The role of NSW’s government architect has existed since Francis Greenway became the first architect for Governor Macquarie in 1816. There have been 22 government architects since Greenway in those 199 years. The 23rd and current government architect is Peter Poulet.

Now, under plans by the current NSW Government, that 199-year tradition of government stewardship of architecture is under threat.

The Office of the Government Architect (GAO) has suffered such severe budget cuts that it will be forced to slash staff from 120 down to about 12, The Financial Review reported in June.

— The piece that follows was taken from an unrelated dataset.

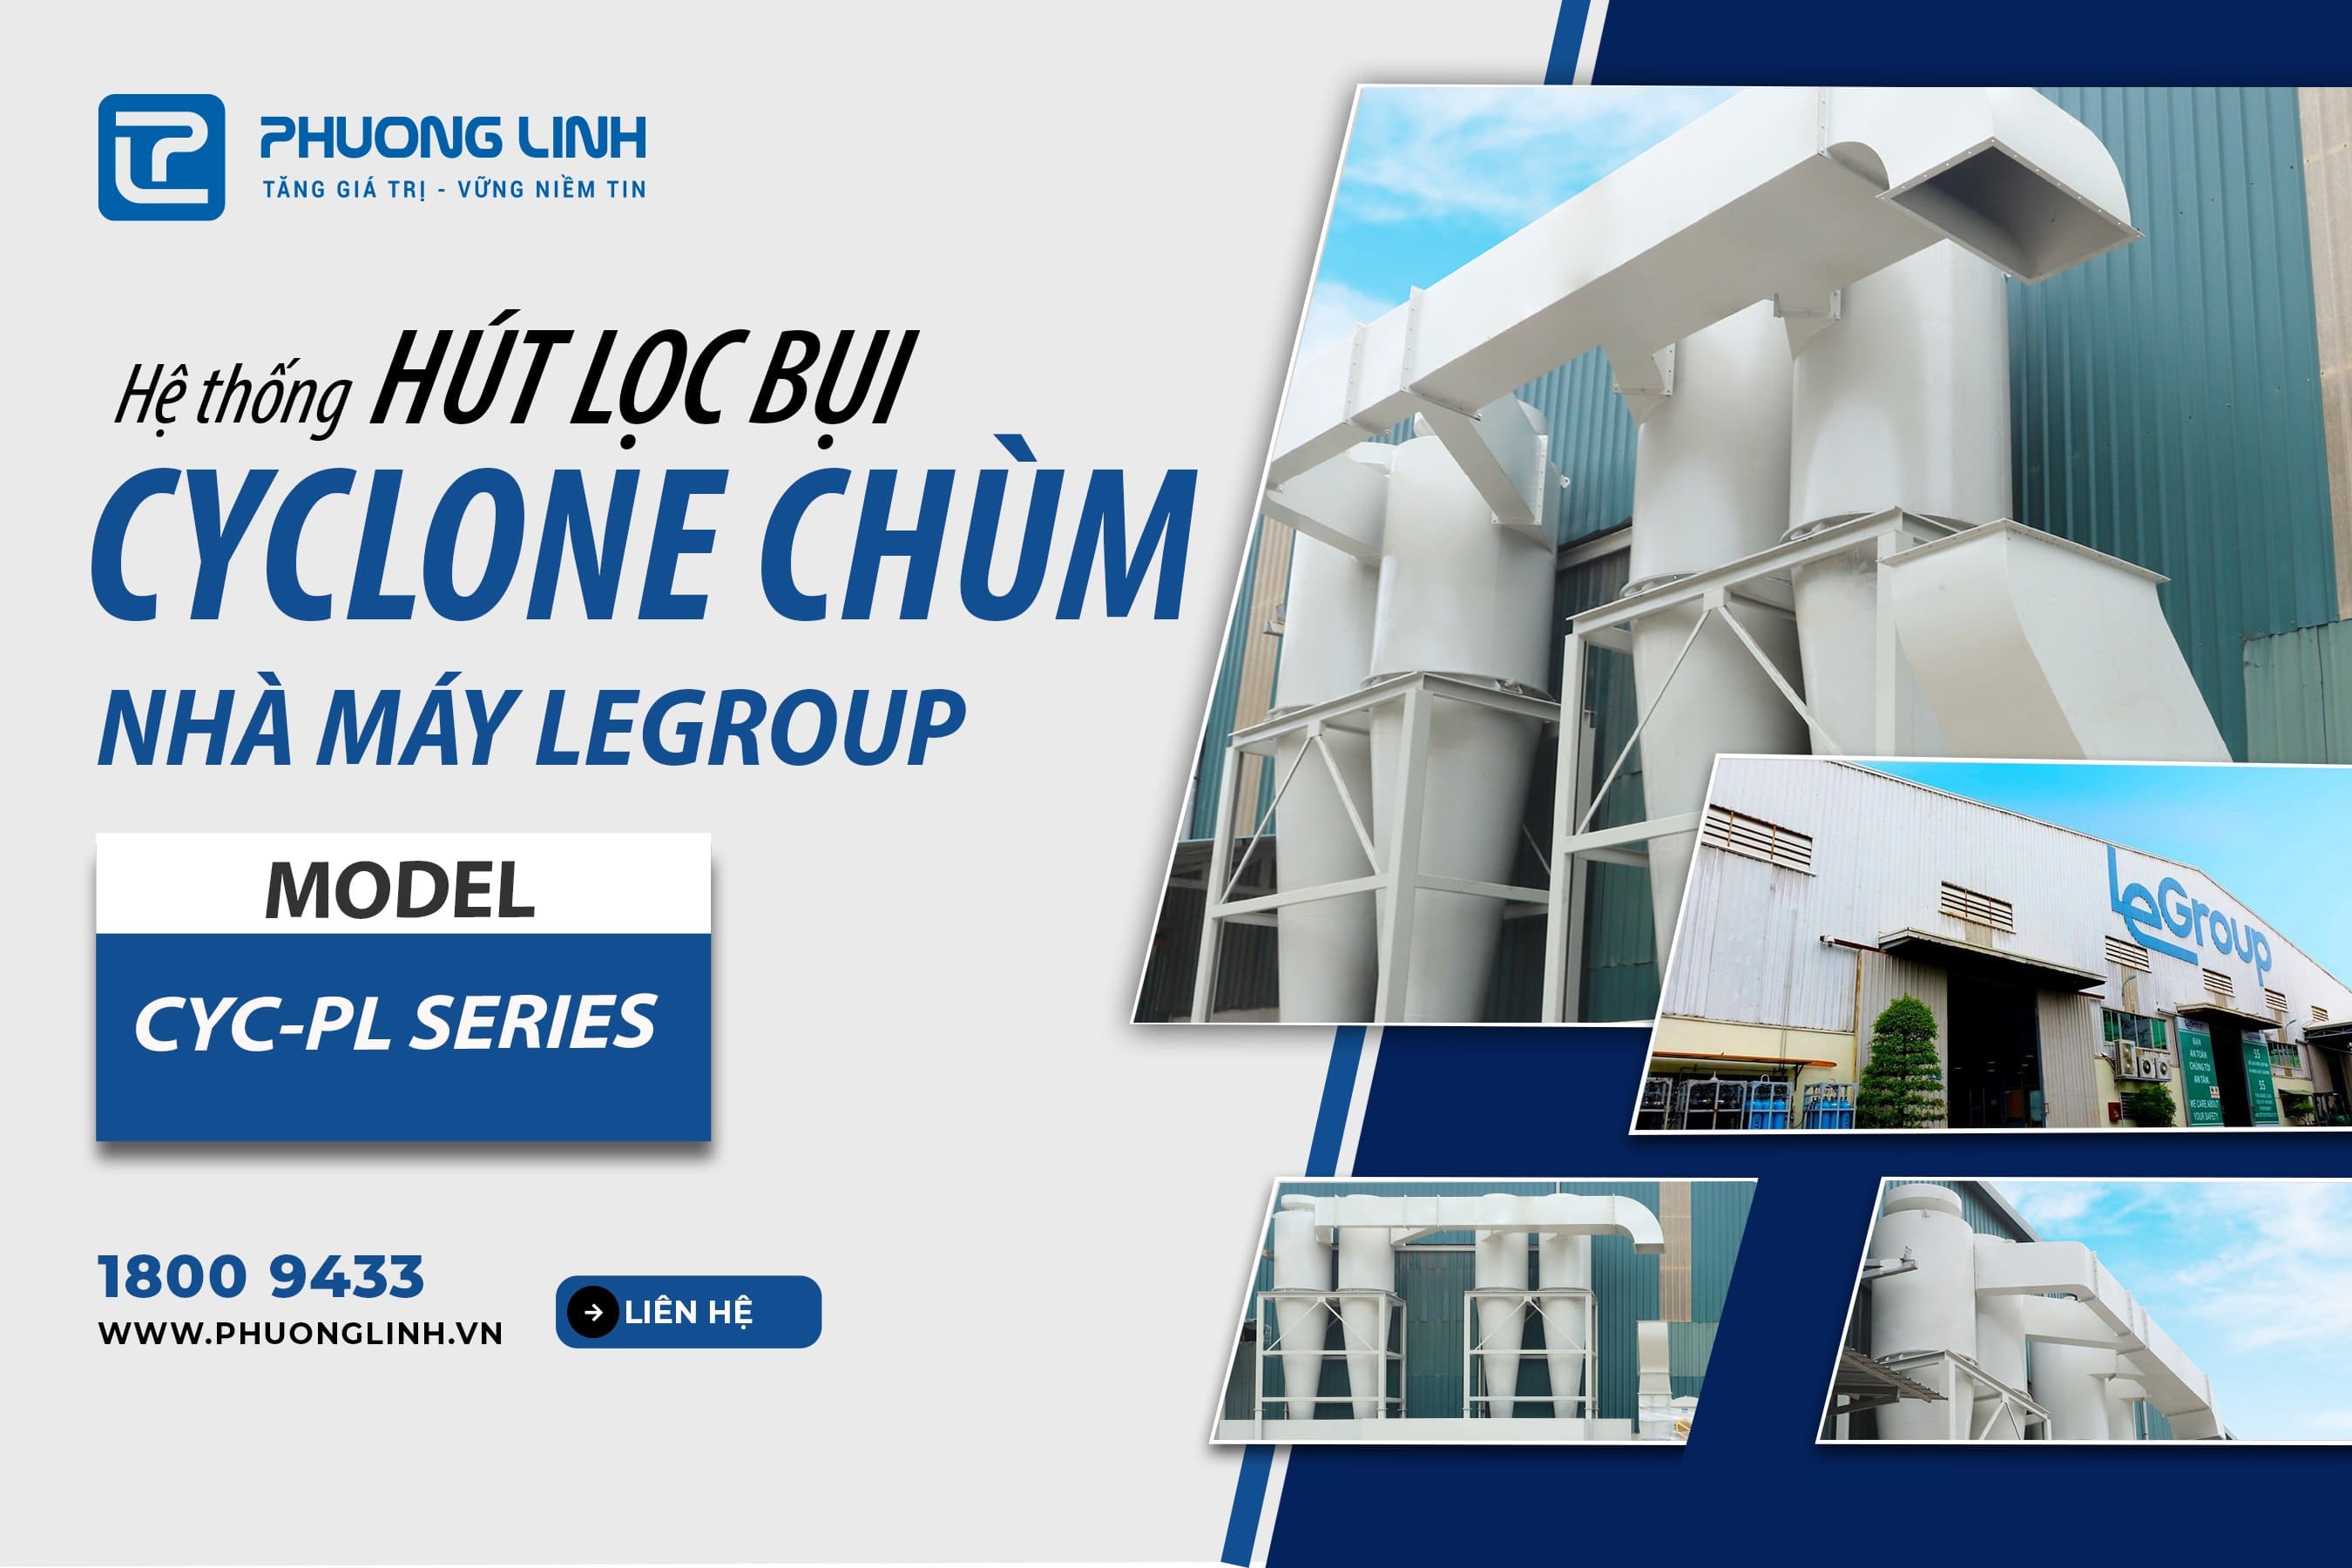 7 lý do LeGroup lựa chọn Hệ thống Hút lọc bụi Cyclone chùm CYC-PL Series từ Phương Linh

Why these changes are detrimental to NSW architecture

The GAO has been responsible for some of this state’s most significant and iconic buildings, including the Sydney GPO and Customs House at Circular Quay.

The current change is designed to force the GAO to focus only on providing design consultancy services.

The reduction is part of a wider restructuring of the Department of Finance Services and Property, turning its role into a buyer of services rather than a provider of services.

But this severely undermines the importance and value of the GAO’s work.

The government architect’s strategic focus is working towards a better quality, sustainable and liveable urban environment.

This role is one of design leadership and excellence – continuing the tradition created by Francis Greenway. So successful has this been over the centuries that the GAO has regularly received awards in the Annual Institute of Architects Design Awards. This year is no different: the GAO is currently nominated for four awards this year.

The GAO has been an important influencer of government policies towards the built environment; this is now under threat.

The GAO is also an incubator of architectural talent. Many former-GAO architects have “graduated” to successful careers and quality contributions to the commercial world.

With these savage cuts, the strongest currency the GAO had – its ability to showcase good design – becomes irrelevant. It no longer has the capacity to deliver quality design from its own ranks. And how is the GAO to deliver a quality advisory role with the many departments looking to procure buildings?

There are two possibilities: one is that procurement will slow to a glacial pace. The second is that projects will proceed without the GAO’s excellent insights. Both are a tragedy.